VMS supports the bill that will to be debated in the House Health Care Committee this week. The bill has already passed the Senate.
“Especially in these times of financial difficulty the state of Vermont is facing, any effort that could reduce the cost of prescription drugs is a step in the right direction,” Harrington said. “We believe the district judge’s thoughtful decision to uphold Vermont’s law is one more step in Vermont’s effort to reduce pharmaceutical costs.”
Advancing technology allows data mining companies to collect detailed information from doctors.
And armed with this information, drug companies spent approximately $10 million marketing their drugs directly to Vermont physicians and prescribers.
The companies stand to make more money on brand name pharmaceuticals and, according to Harrington, with so much money involved in the process, doctors ultimately are encouraged to prescribe the brand name drugs over less expensive generic counterparts.
And he said the pending bill in the Legislature would prevent the drug companies from influencing physicians.
“This bill would be another arrow in the quiver in reducing drug costs in Vermont,” said Harrington. “The Vermont Medical Society supports these initiatives.”
In a press release last week, three of the data mining companies that challenged the Vermont law said Murtha’s decision would end up costing Vermonters more money and they hinted that they might challenge the law in a higher court.
“The key to improving health care quality, and reducing costs and variability in treatment, is access to more information, not less,” the companies said. “We believe today’s decision was the wrong one and we are currently evaluating our legal options moving forward.”
Senate President Pro Tem Peter Shumlin, D-Windham, introduced the pharmaceutical marketing bill that is being debated this week in the Statehouse.
He said Murtha’s ruling clearly shows that the state is moving in the right direction in limiting the influence drug companies should have with Vermont’s doctors.
“Pharmaceutical companies are spending hundreds of millions of dollars to influence doctors and data mining allows them to see what doctors are in fact prescribing their medicines,” Shumlin said. “This ruling is a huge victory for consumers and for the need to end this insidious practice.

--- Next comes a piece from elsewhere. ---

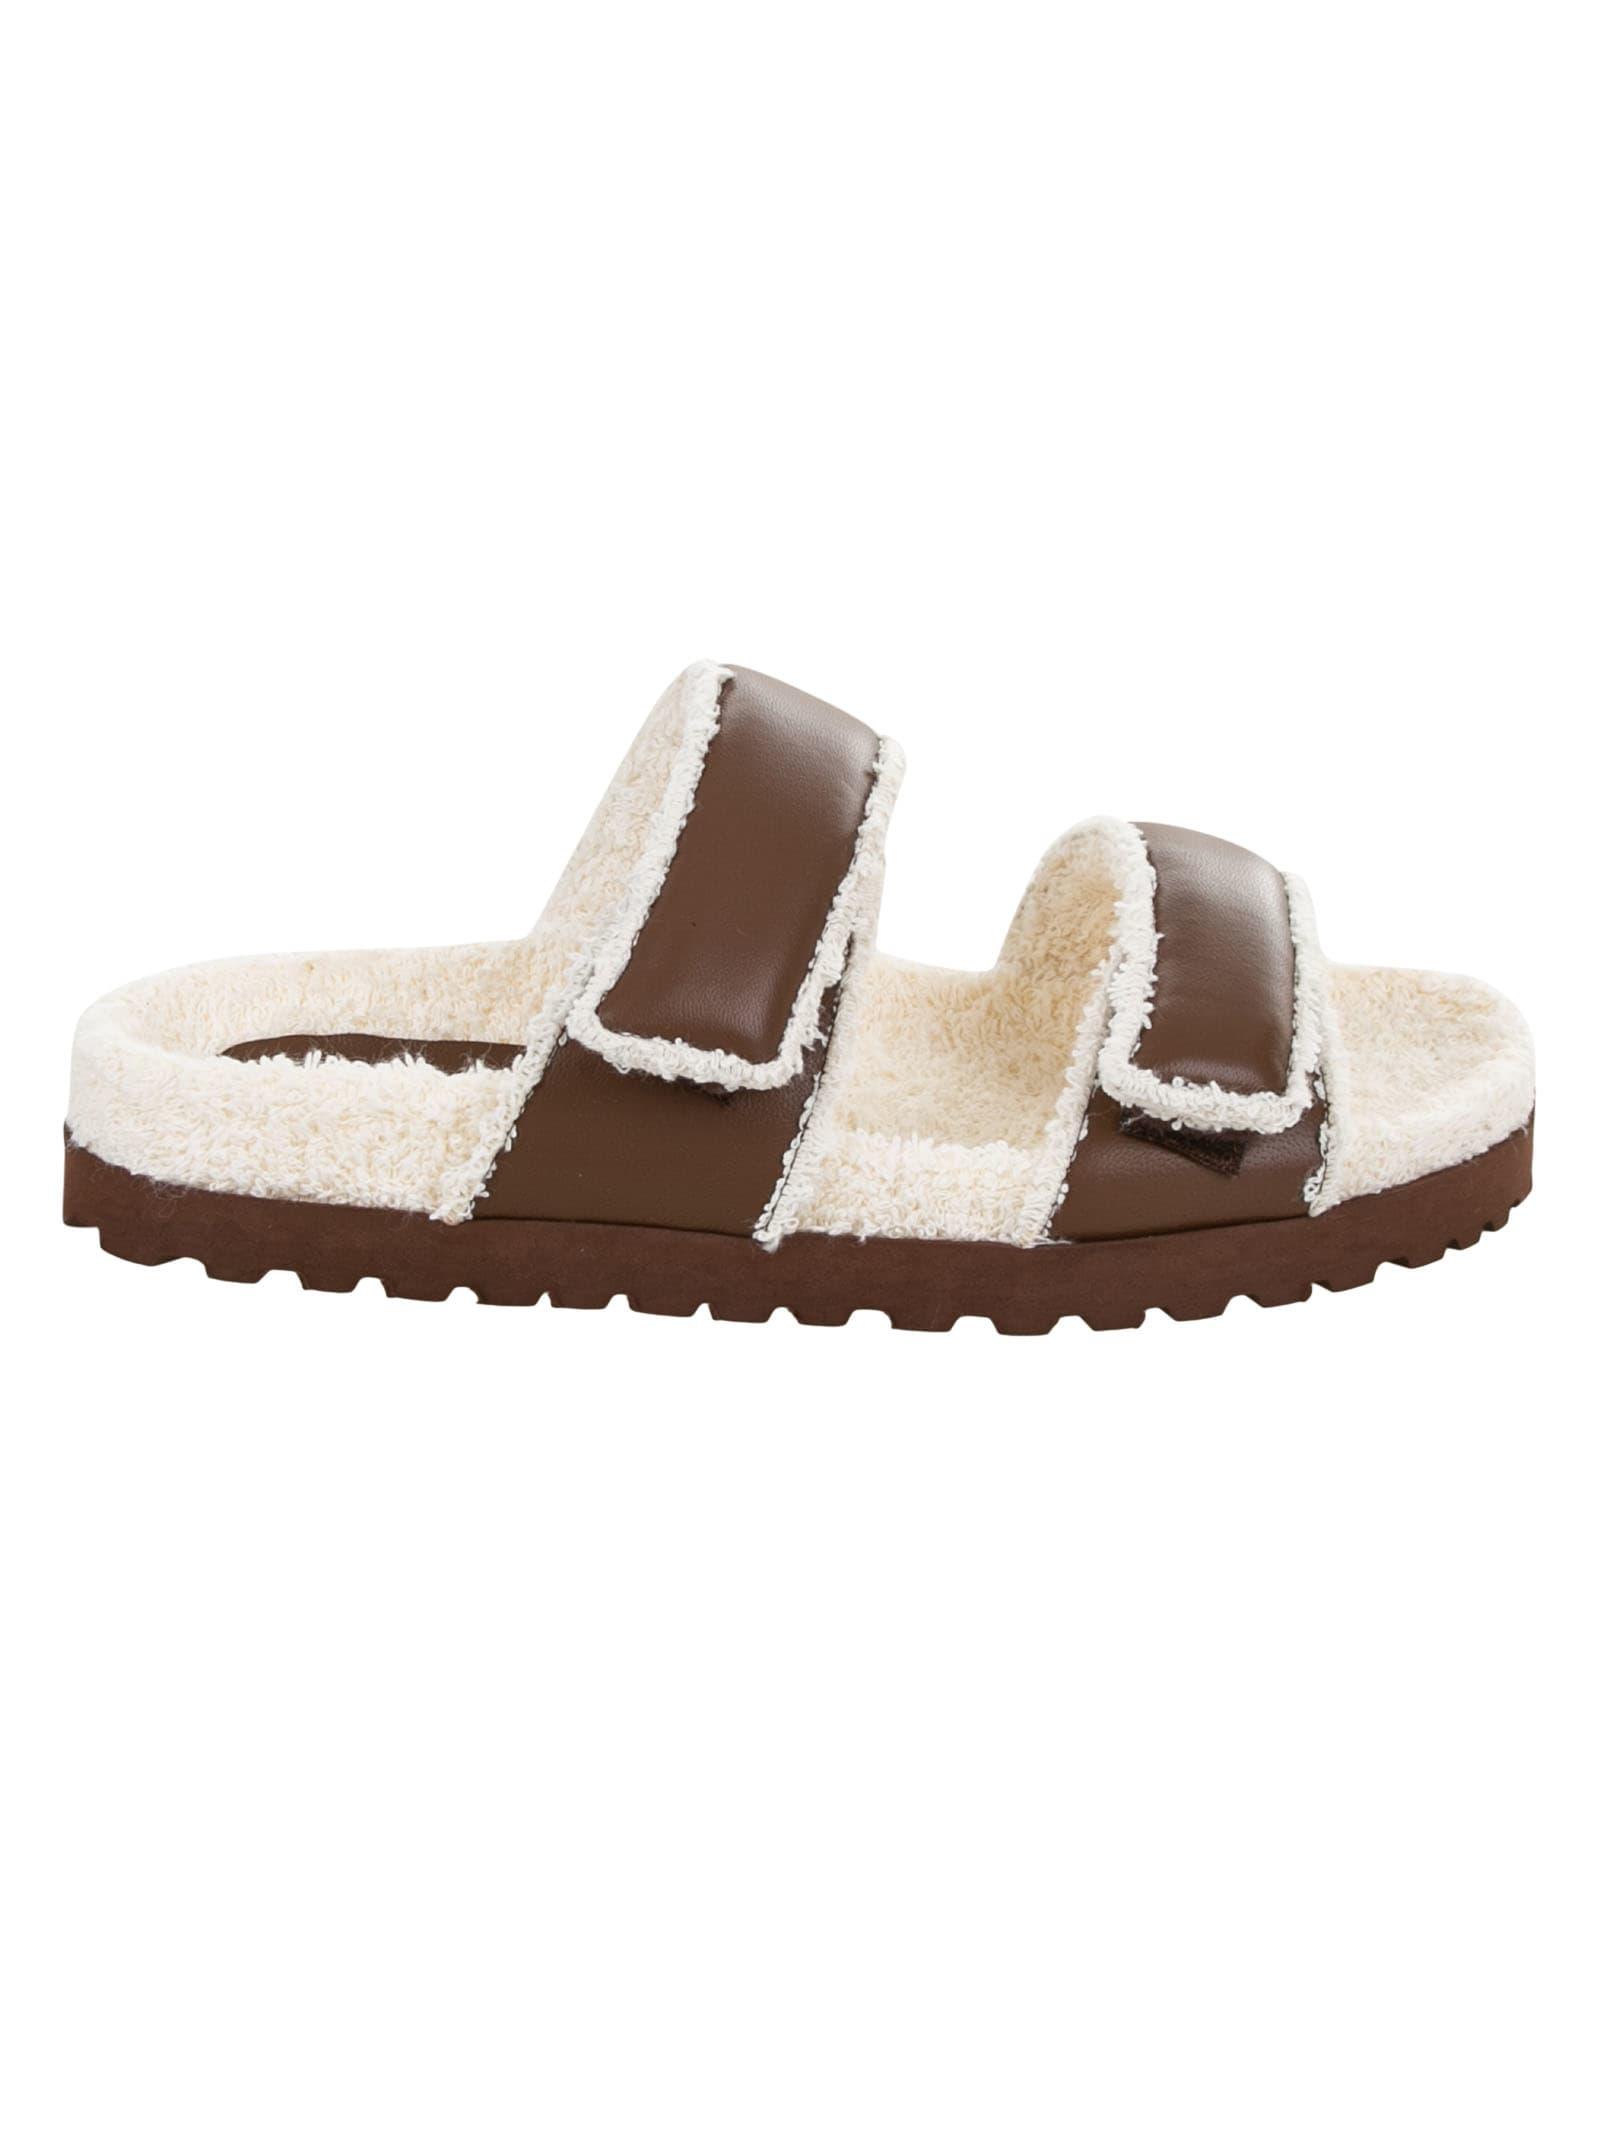 Perni 11 Sandals

We have crippled date mining and now we are demanding transparency.”
Shumlin’s bill would require all doctors in the state to report the money and gifts they receive from the drug companies and the information would be posted on a Web site.

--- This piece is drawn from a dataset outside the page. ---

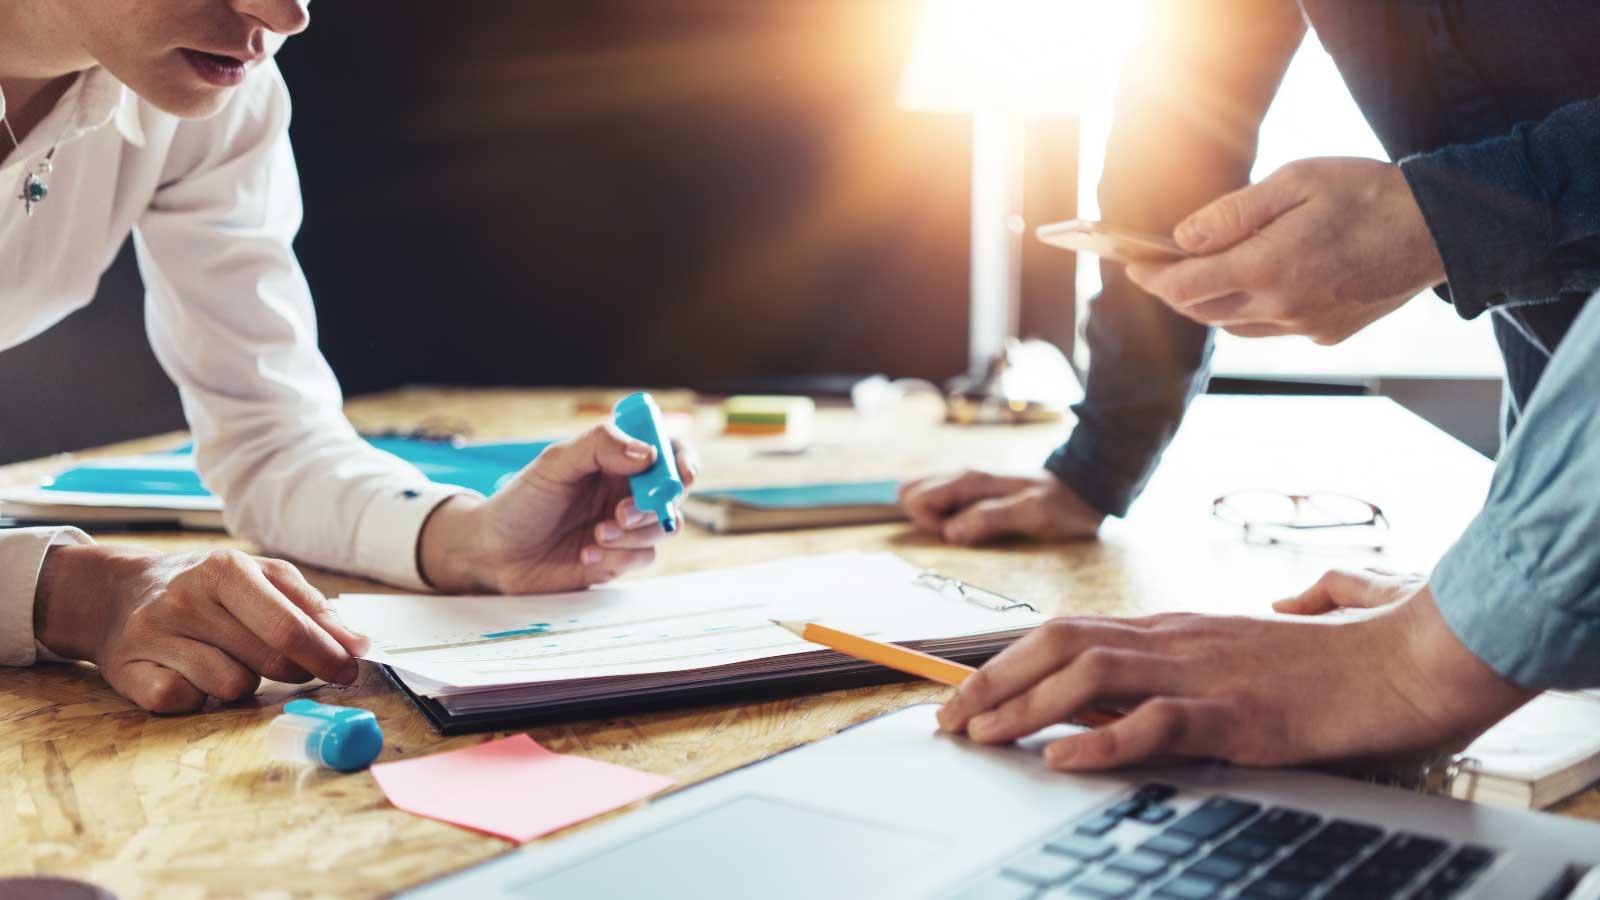 Messbares Erfolgskonzept: Positive Employee Experience für nachhaltige Ergebnisse

The bill will be debated all week in the House Health Care Committee, and committee vice chairwoman Rep. Gini Milkey, D-Brattleboro, said if the bill is signed into law, the drug companies will be forced to operate in the open.
“The cost of pharmaceuticals is the fastest growing component of health care costs right now and the goal of (these companies) is to get doctors to prescribe new drugs. That’s where the money is made,” Milkey said. “We are not preventing them from making profits, we are just forcing them to be more creative.”